Each year hundreds of new educators across our state enter the education profession. They come with high hopes and dreams of positively affecting the lives of their students, and of instilling in their students the love of learning that they themselves feel. Unfortunately, research shows that about one-third of these beginning educators leave the profession within the first five years. Most beginning educators indicate the lack of support, isolation, feelings of loneliness and disillusionment, and lack of feeling effective in their jobs as the primary factors for exiting the profession.
Nationally, many school systems are taking steps to improve the way they bring their new educators into the profession. By creating and implementing an induction program, these schools hope to reduce or eliminate the factors that cause beginning educators to leave.
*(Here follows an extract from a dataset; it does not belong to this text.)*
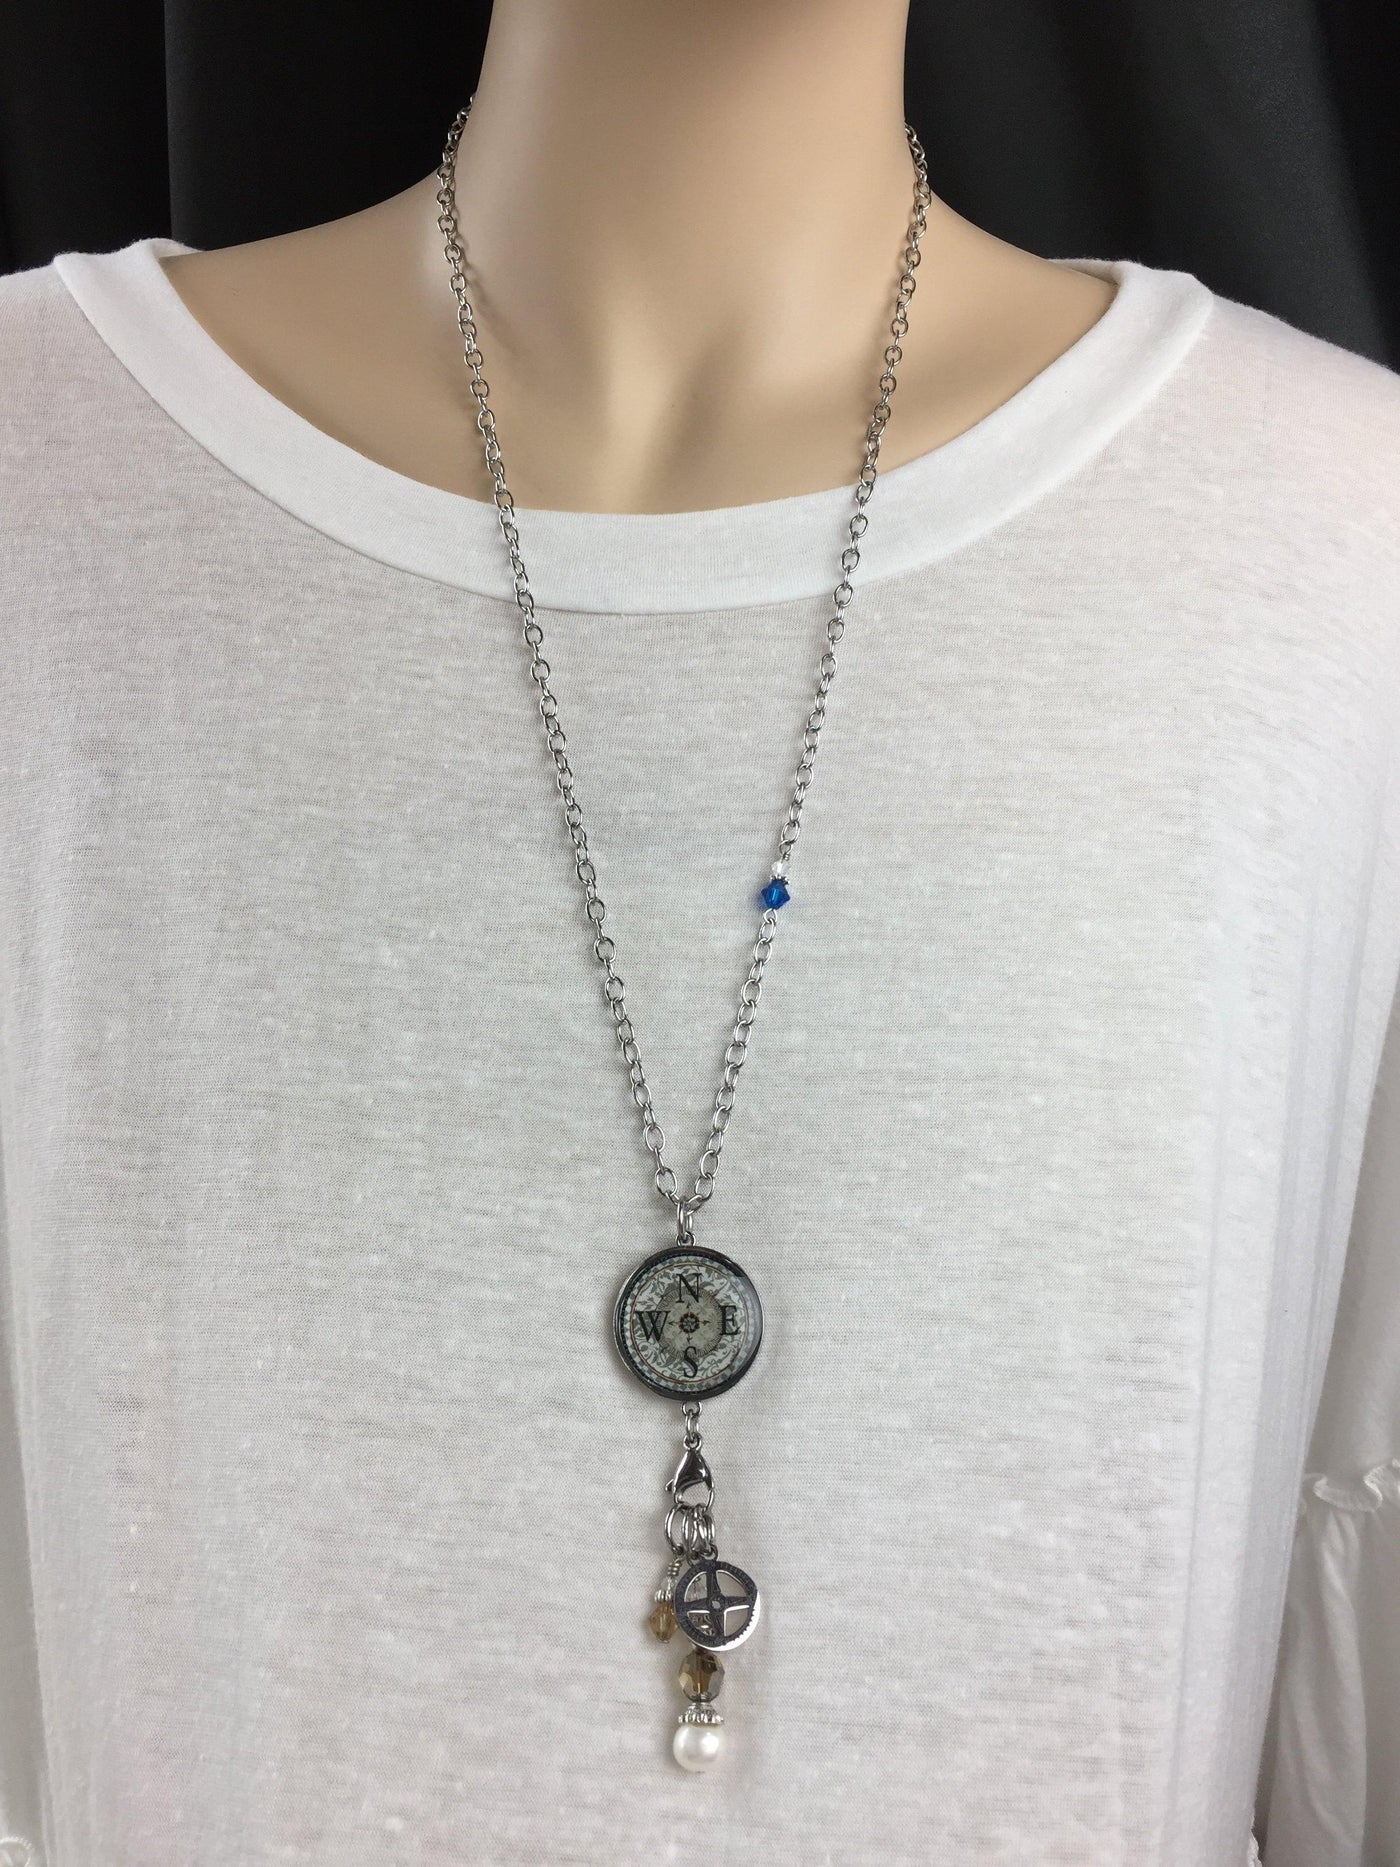 Brand: Spirit LaLa - Reversible Dangle Compass Inspirational Necklace -  BoHo, Compass, Gift Idea, Inspirational quote, Jewelry, jewelry made in USA, Made in America, made in usa, Made Local, Necklace, Pendant, Statement Necklace, Women - Classy Cozy Cool Boutique
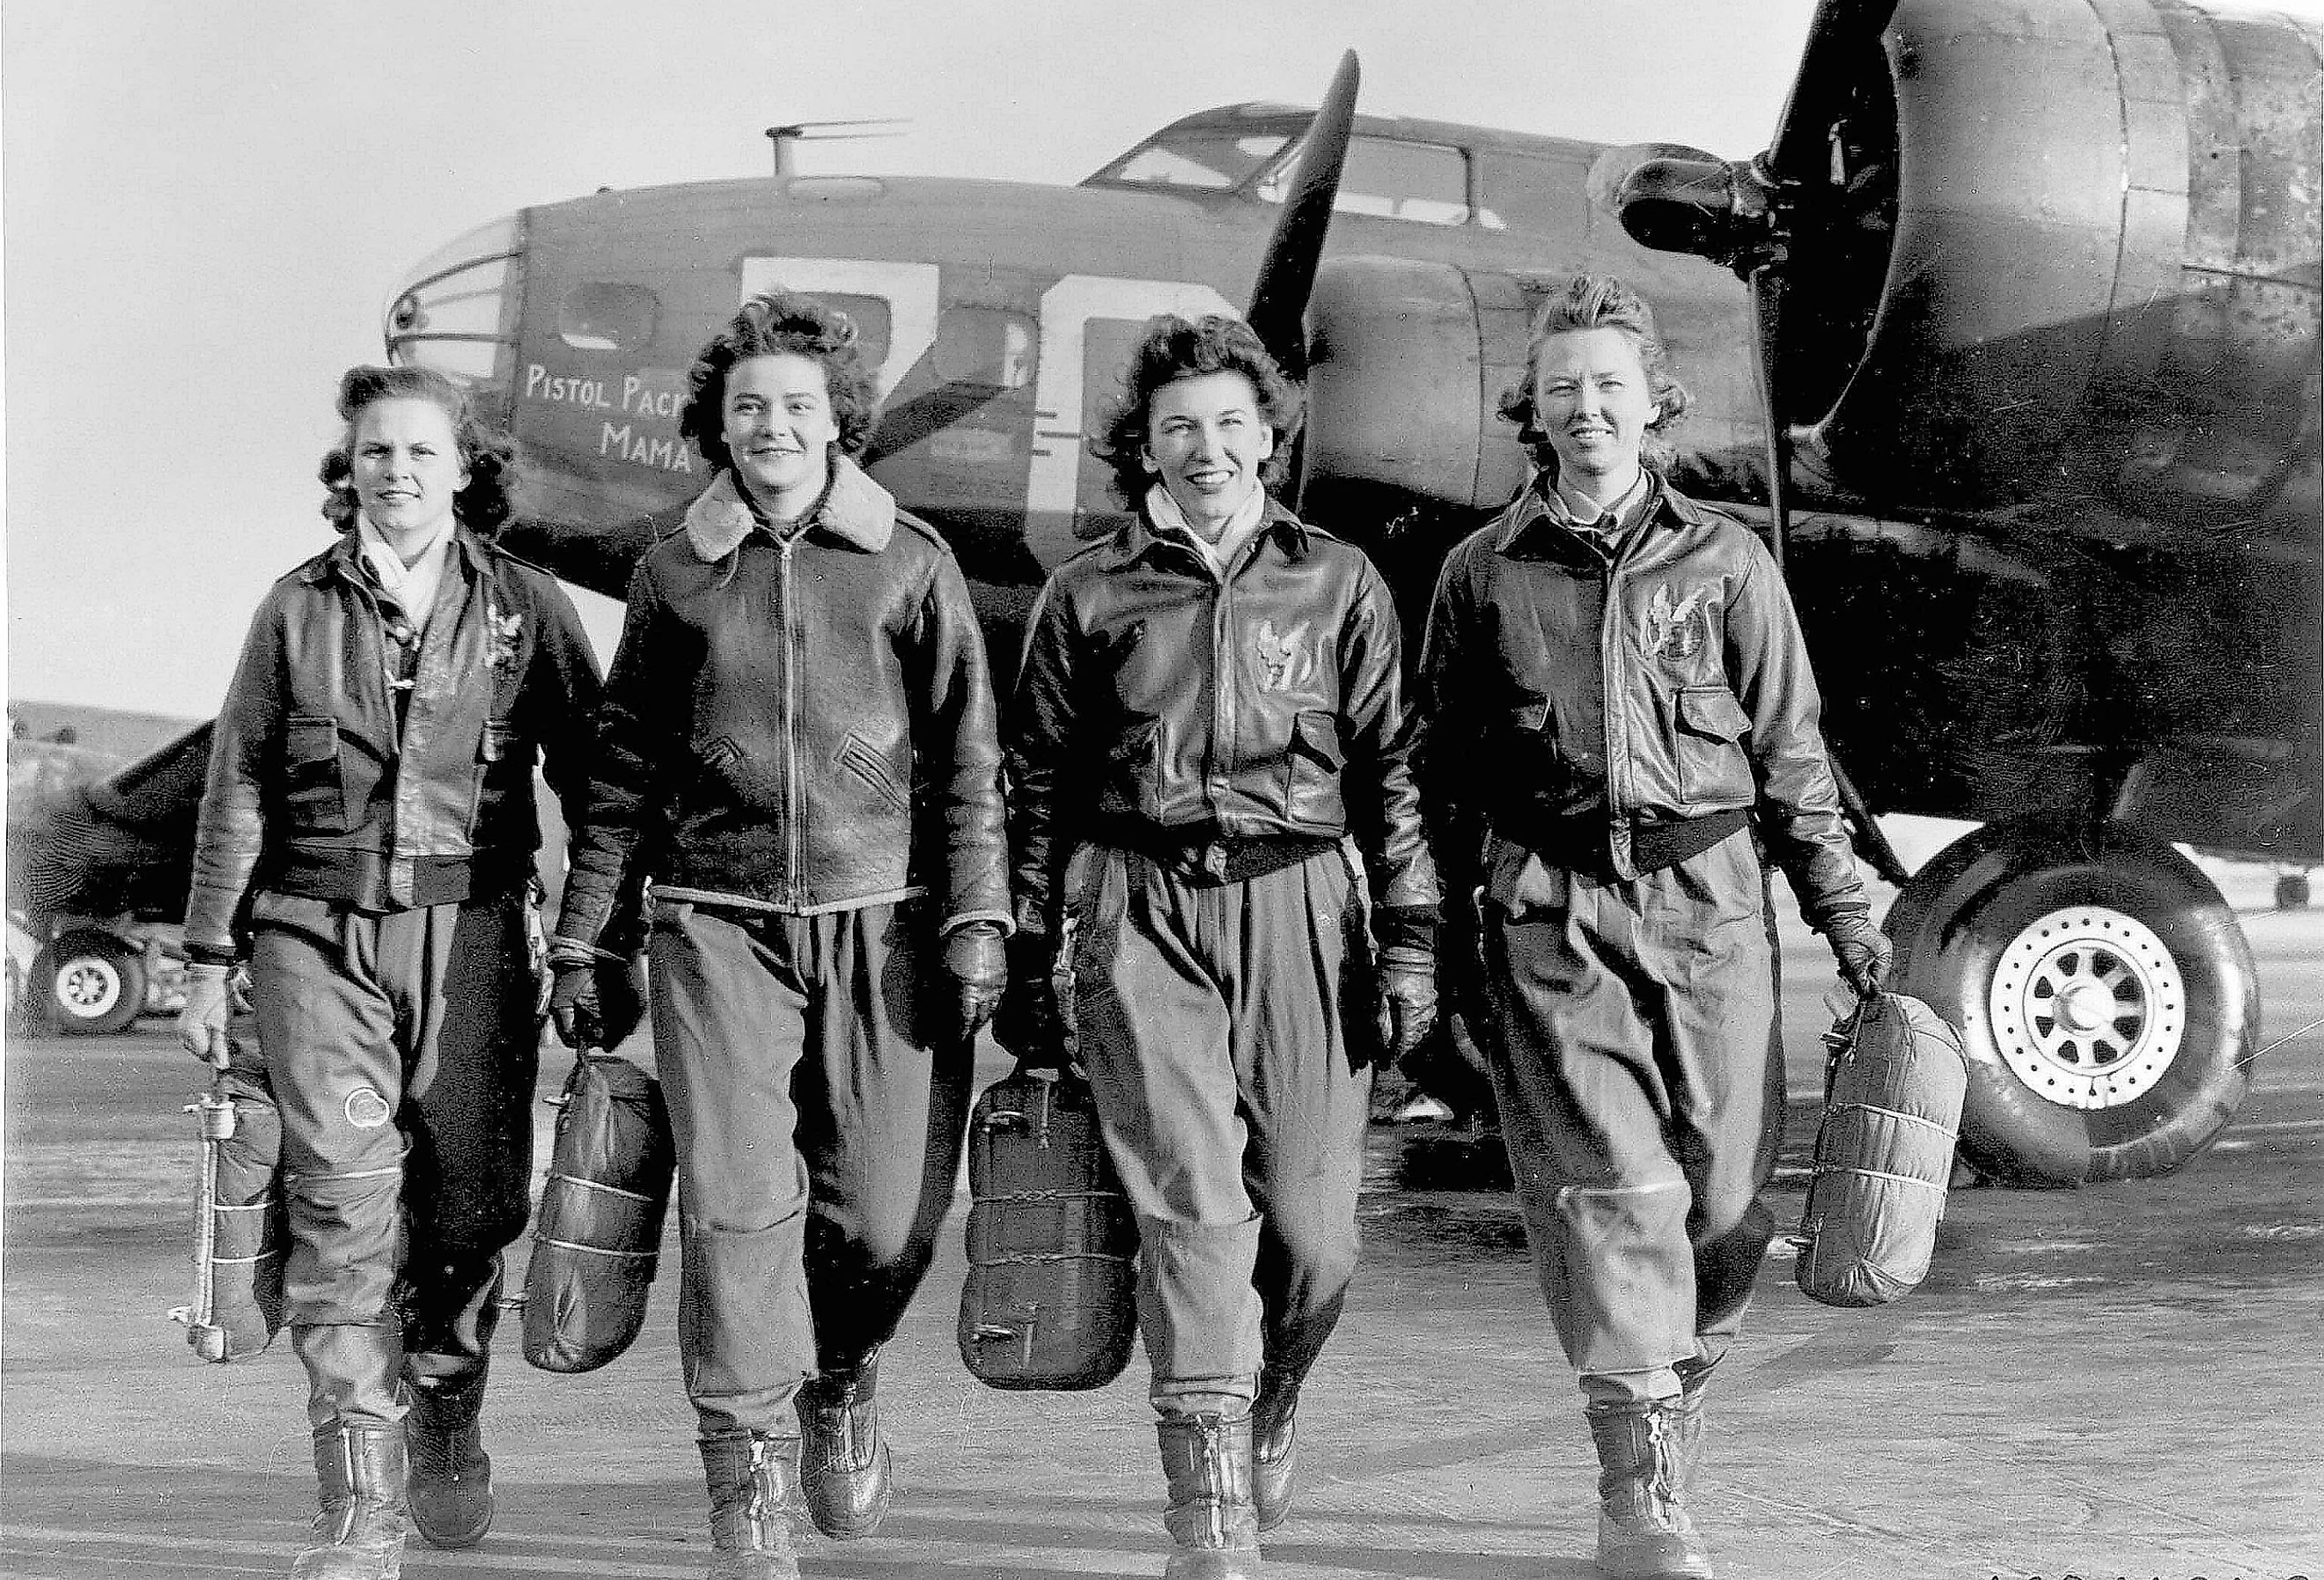 These four female pilots leaving their ship, Pistol Packin' Mama, at Lockbourne AAF, Ohio, are members (WASPS) (1944).

In Maine, action has been taken to ensure quality support of beginning educators by developing a set of standards and indicators for the induction of beginning educators. A rubric has also been developed to guide the development and assessment of district induction programs. Both the standards and the assessment rubric are based on current research related to supporting new educators in the profession and have been revised based on feedback from forty-five school districts across the State of Maine.
The intent of Maine’s educator induction model is to provide a systematic structure of support for beginning educators. Educator induction programs can help new educators improve teaching practice, learn professional responsibilities and ultimately positively affect student learning. In addition to providing support for beginning teachers, these programs allow mentor teachers to reflect upon their own teaching practice and to unite the professional community as each individual works toward the same goal-- improving the quality of education. Induction programs also have the potential to elevate the teaching profession and foster a collaborative learning community for all educators. These benefits can lead to a much higher rate of retention, as new educators find themselves in an environment that cultivates continual growth and success.